The various aspects may further include one or more of the following features. The first slip assembly and the second slip assembly may cooperate to radially expand the sealing element. At least one of the first slip assembly or the second slip assembly may be adapted to ratchet along the mandrel in the first axial direction. At least one of the first slip assembly, the second slip assembly, or the sealing element may be adapted to be actuated fluidically. At least one of the first engagement portion or the second engagement portion may include a locking ring disposed adjacent the mandrel and operable to ratchet along the mandrel in the first axial direction. At least one of the first engagement portion or the second engagement portion may include a wedge. The downhole tool may include a housing carried on the mandrel and a channel having a substantially zero internal pressure formed between the housing and the mandrel. The first engagement portion may be adapted to grip the mandrel against relative movement in a first axial direction and allow relative movement of the mandrel in a second axial direction opposite the first axial direction. The second engagement portion may be adapted to grip the mandrel against relative movement in a first axial direction and allow relative movement of mandrel in a second axial direction opposite the first axial direction.

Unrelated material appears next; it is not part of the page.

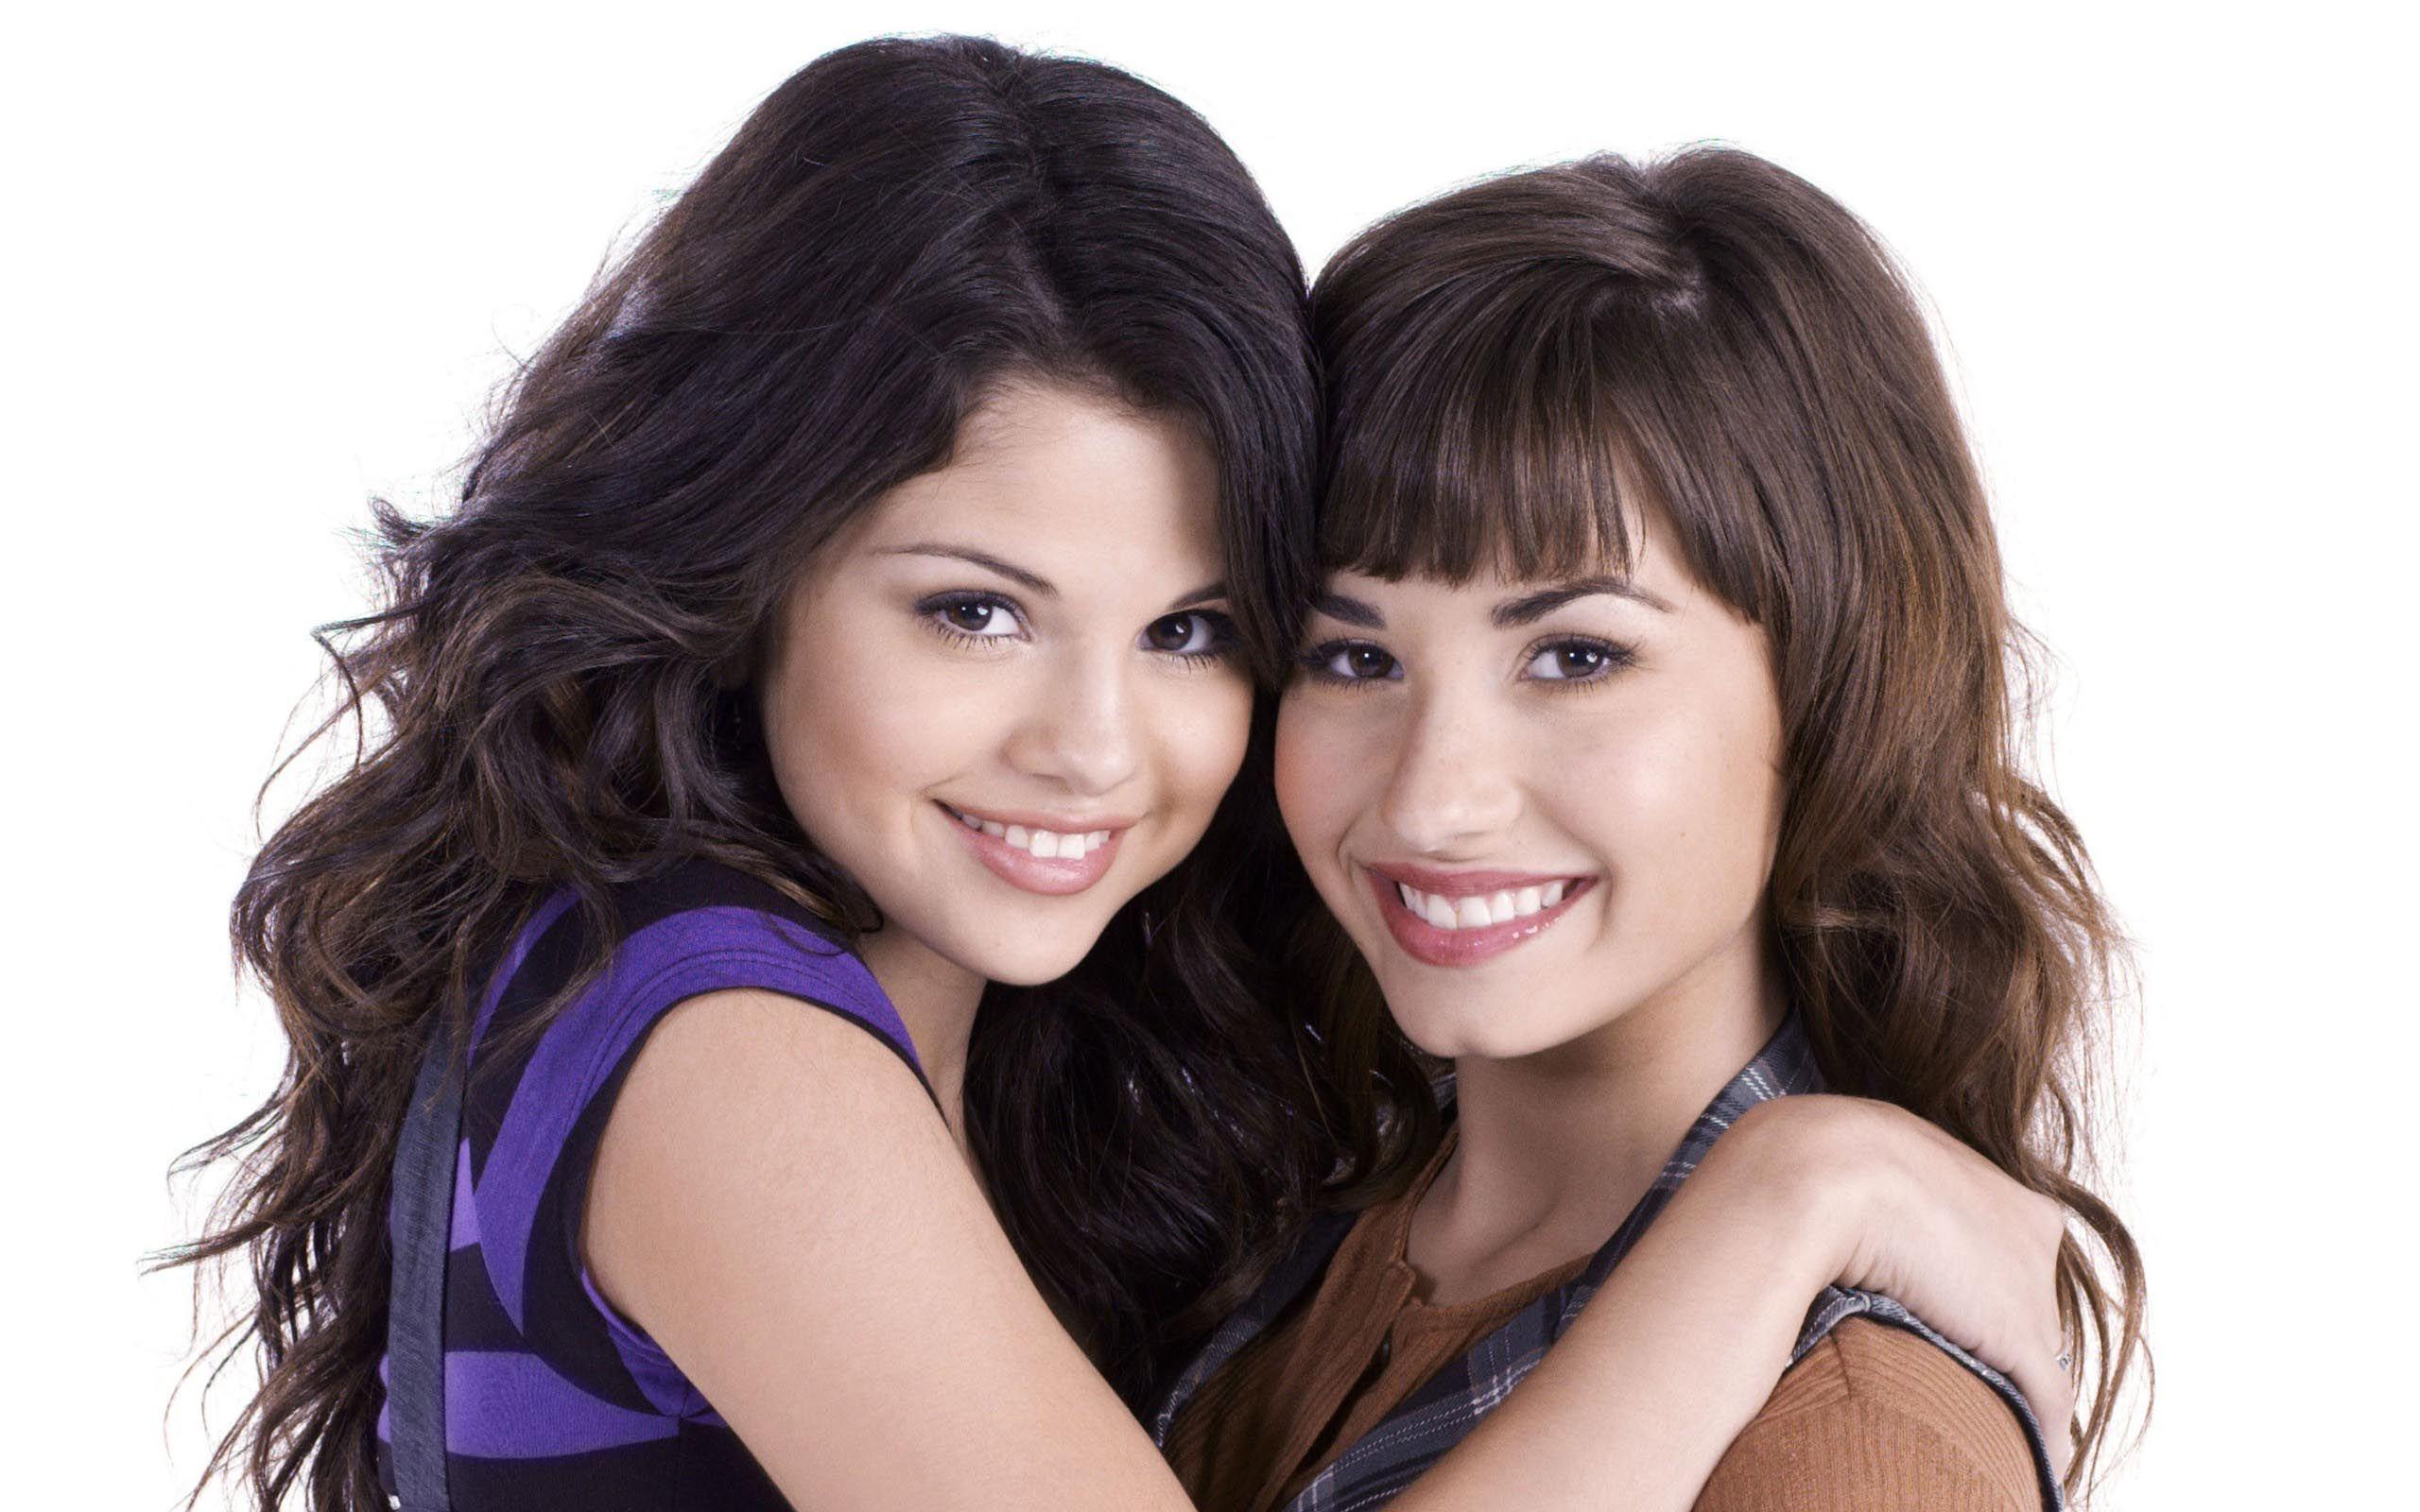 Selena Gomez And Demi Lovato Wallpapers For Desktop | www ...

The details of one or more implementations are set forth in the accompanying drawings and the description below. Other features, objects, and advantages will be apparent from the description and drawings, and from the claims.

FIG. 1 shows a schematic of a wellbore extending from a terranean surface and having a downhole tool disposed therein.

FIGS. 2A-C show an example downhole tool in the running configuration that is actuated by a wireline actuation tool and set from the top-down.

FIGS. 3A-C show the example downhole tool of FIGS. 2A-C in the set configuration.

FIG. 4 shows a detail view of an example slip ring of the downhole tool shown in FIGS. 2A-C and 3A-C.

FIG. 5 is a detail view of a locking ring system.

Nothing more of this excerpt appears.